Chi non cre­de in Dio crede a tutto, il vero credente crede in pochissime cose, sa solo Cristo e questi crocifisso. I ragazzi hanno bi­sogno di certezze salde, di un mondo ben configurato, ma­gari da provare anche a cam­biare, ma solido. Colonne di marmo da superare, barriere belle alte da scavalcare, non l’angosciante liquidità. E non funziona se questo mondo è solo inventato in un libro. Li affascina, li prende, ma non basta, non può bastare, per­ché sa di falso. Qualche gior­no fa avevo a cena un amico dei miei figli, non battezzato, non credente, divoratore di li­bri fantasy. I miei ragazzi, tanto per non farmi rilassare mentre tagliavo fettine e combattevo ammutinamenti contro le verdure, mi sottopo­nevano alle solite domanduc­ce, tipo «chi va nel limbo?», «com’è fatto il purgatorio?», «che vuol dire tentare Dio?».

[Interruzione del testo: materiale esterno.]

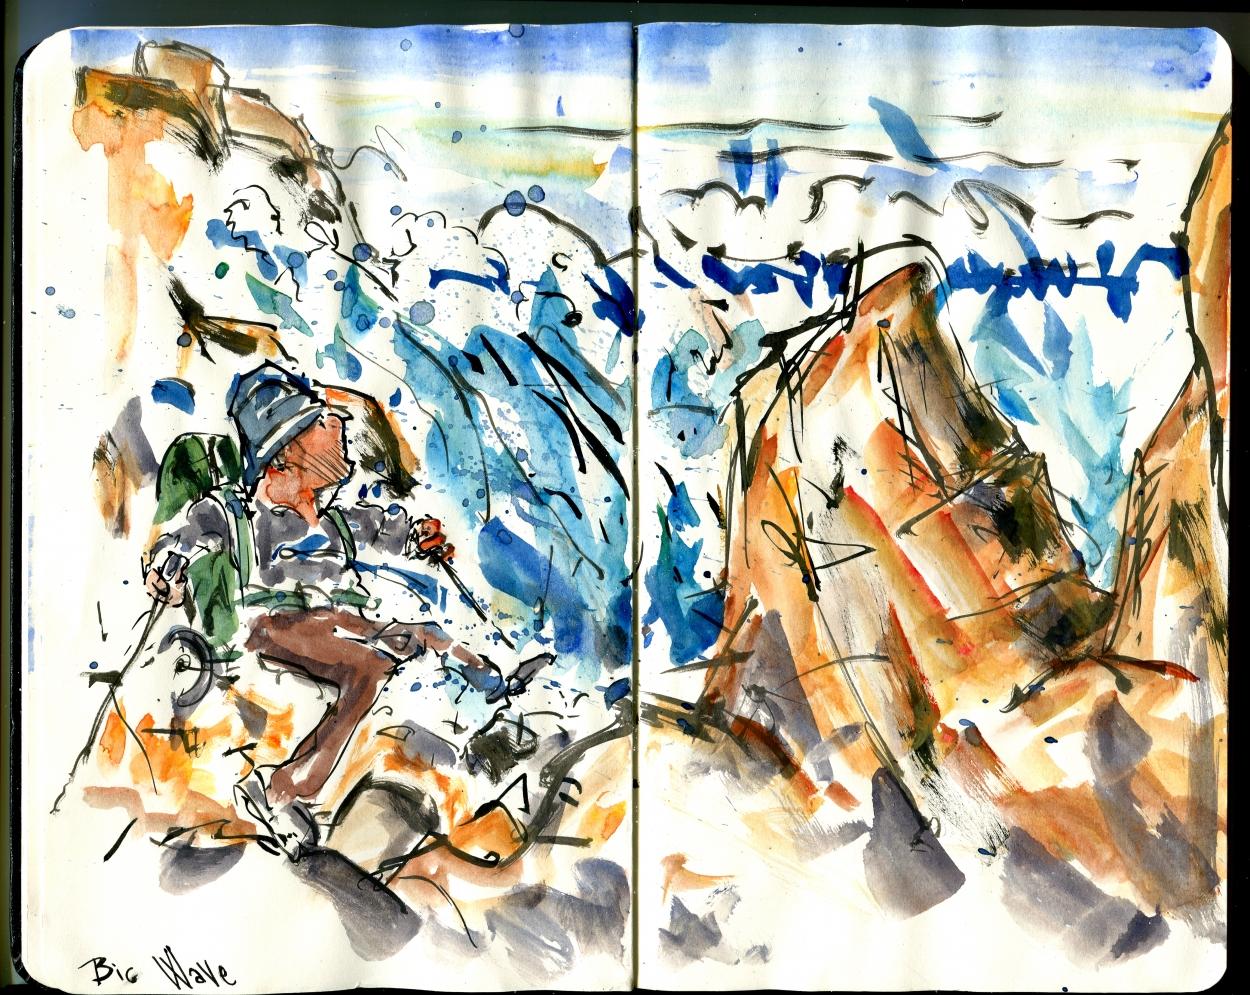 Walking in Rocks - Moleskine Hiking Sketch from Bornholm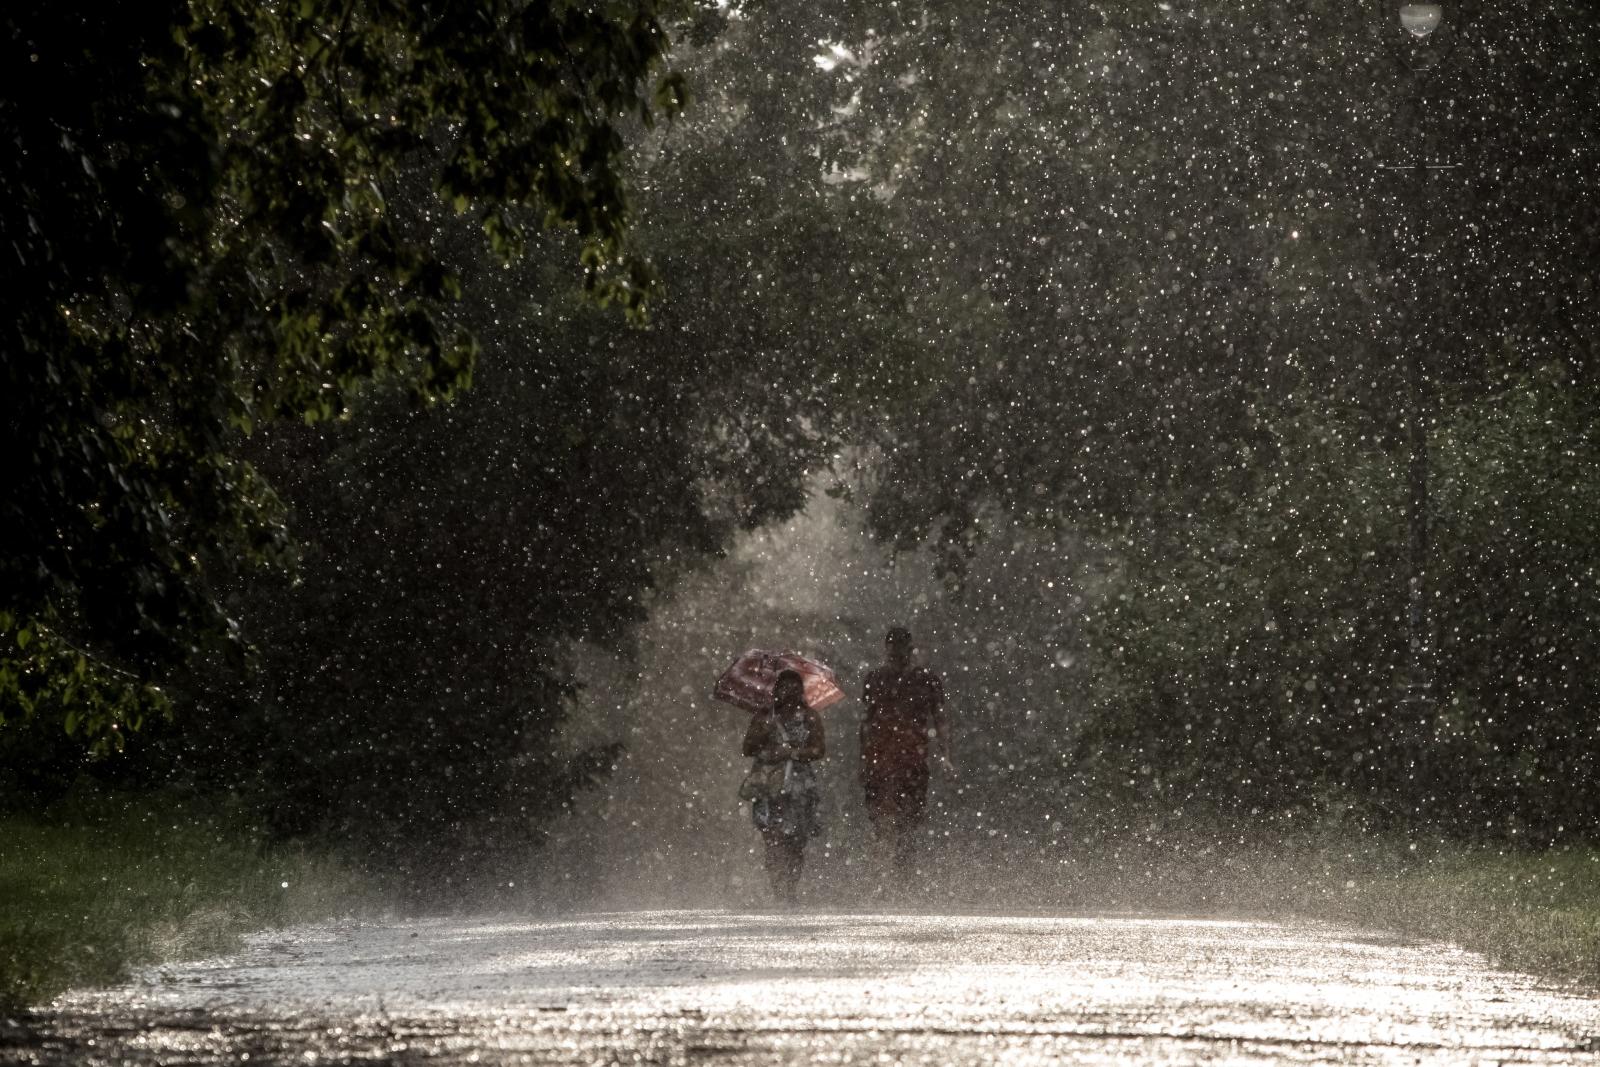 Aktualna pogoda w Czechach. Fot. EPA/MARTIN DIVISEK

L’amico, digiuno di simili ar­gomenti, ascoltava a bocca a­perta, affascinato dalla mia certezza (ostentata, peraltro: a volte mi ci vorrebbe un teo­logo a portata di mano, per le emergenze), assetato di rispo­ste salde e credibili. Il suo sguardo pulito sul mondo, il suo desiderio sincero di sape­re meritano di più che rispo­ste artefatte e posticce. Meri­tano la verità.